Making the iron visible
Figure 1 shows how the iron in the degenerated nerve cells is distributed within the substantia nigra of a Parkinson's patient. At first glance, the distribution looks just like that in the healthy nerve cells: iron has accumulated within the neuromelanin. The difference becomes apparent only once a quantitative evaluation has been conducted. Via the imaging EELS method and with the aid of the image-analytical software, the energy-loss spectrum of the beam electrons can be calculated. A good measure for the number of iron atoms the neuromelanin contains is the area beneath the peak of the Fe (iron) L2,3 edge. Comparing the areas of different energy-loss spectra provides a clear and unambiguous result for this experiment series. The neuromelanin of a Parkinson's patient contains three times as much iron as the neuromelanin of a healthy person.
Quantitative image analyses of this nature can help to shed light in the as yet obscure interrelationships between the accumulation of metals and cell degeneration. Improved methods of treatment may result from a deeper understanding of these interrelationships. It is conceivable that medications will be developed containing iron-binding substances. These would be able to protect nerve cells from excessive accumulation of iron.

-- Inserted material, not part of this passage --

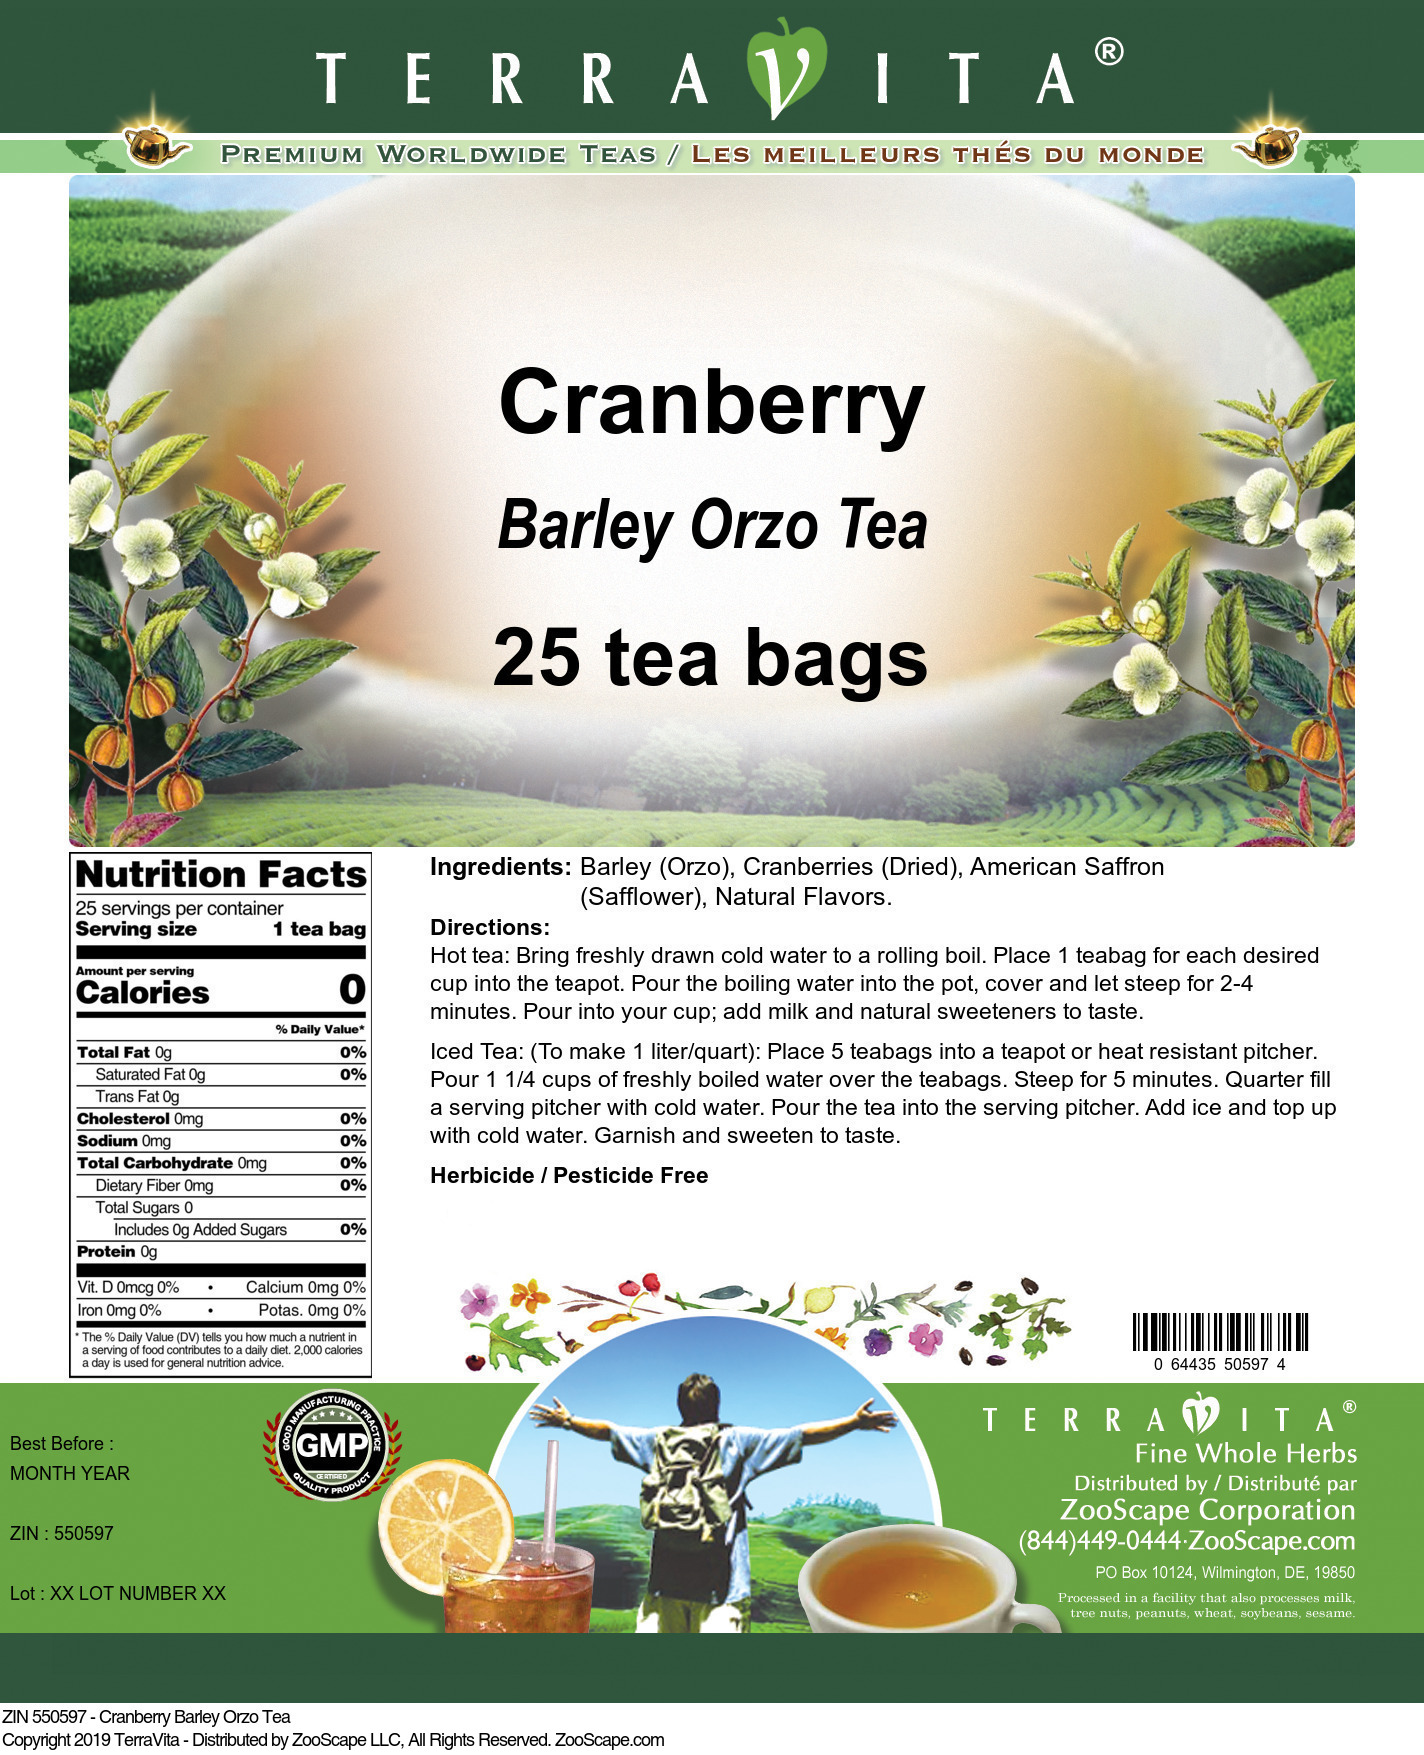 Cranberry Barley Orzo

How is an elemental map of iron generated?
EFTEM stands for energy-filtering transmission electron microscope. The electron beam of the EFTEM is transmitted through the sample (the ultrathin section of the brain tissue) and generates a magnified image of the sample in the imaging plane. The built-in energy filter makes it possible to generate electron-spectroscopic images (ESI). If the energy filter is set to 725 eV, for example, only those electrons reach the imaging plane that have an energy loss of 725 eV while going through the sample. The energy filter intercepts all other electrons.

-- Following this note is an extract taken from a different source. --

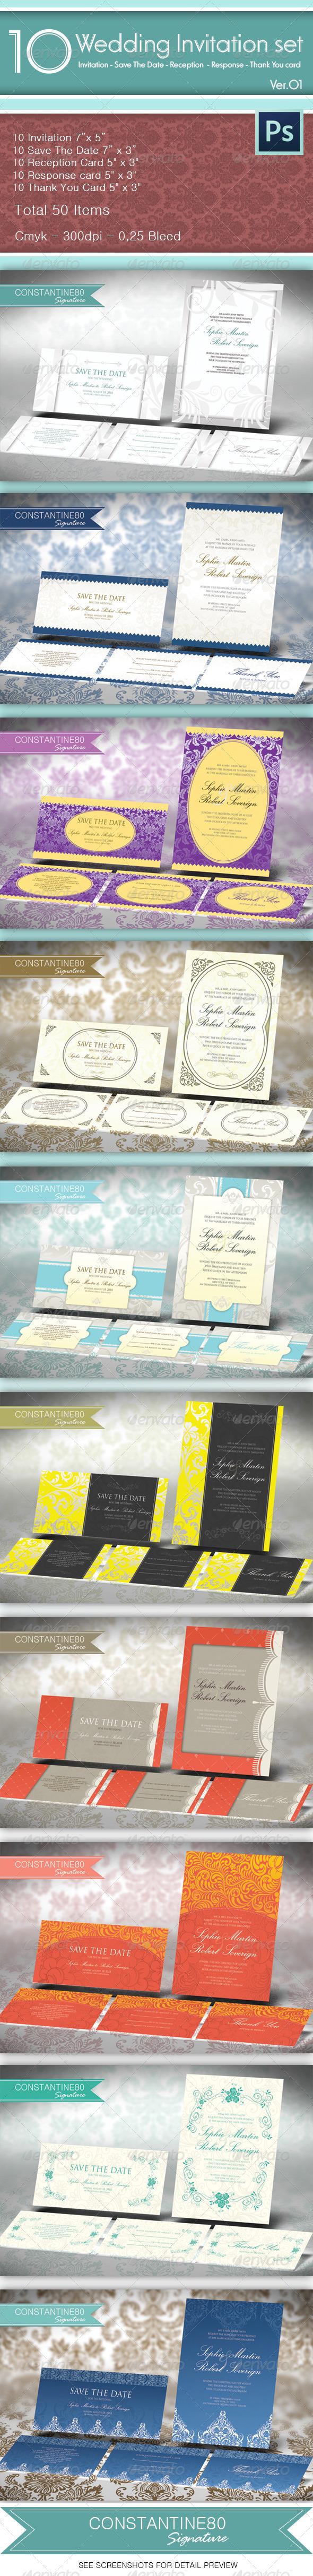 10 Wedding Invitations Sets - Invitations Cards & Invites

725 eV is the characteristic energy loss of an electron from the beam when it 'flies by' an iron atom really closely and causes a certain inner-shell transition. The energy filter will allow such an electron to pass through. Then it contributes to image generation in the imaging plane. Unfortunately, other electrons manage to make it through, influencing the image. These electrons have also coincidentally lost 725 eV due to various sorts of multiple impacts that occurred while passing through the sample. Without these other 'bothersome' electrons, the ESI image at 725 eV would be an elemental map of iron: ie, this would mean that it would be possible to see how iron is distributed throughout the sample.
The elemental map can be calculated using multiple ESI images. The analySIS TEM EsiVision software package is used in the oral pathology department of Okayama University. The software remote controls the electron microscope and acquires a series of ESI images at various energy losses using a digital camera. Because EFI images have a very low signal-to-noise ratio, the software optimizes image quality during acquisition directly.

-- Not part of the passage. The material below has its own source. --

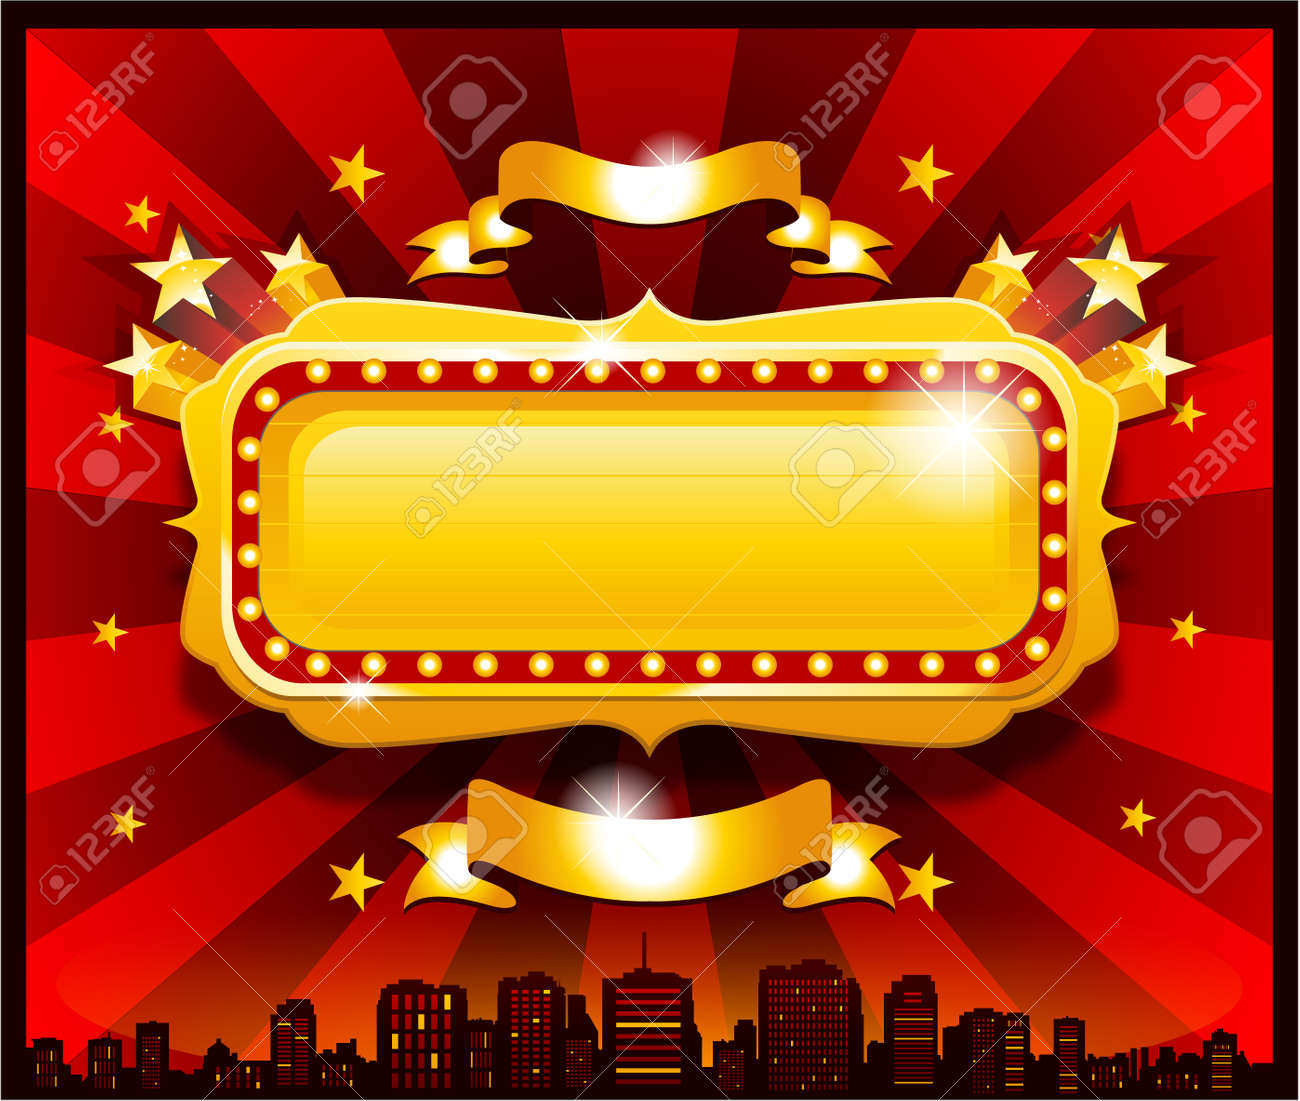 Vintage golden circus casino banner - 33513083

Using what is known as the 3-window method, 3 ESI images are acquired. The first one is at 725 eV, the second and third ones at somewhat lower energy losses. The second and third images are used to compute a 'background image'. This is then subtracted from the first image. This is how the 'bothersome' background is removed from image number one (made up of all the contrast components caused by the 'bothersome' electrons referred to above). The result is the desired elemental map of iron. This is also suitable for quantitative measurement.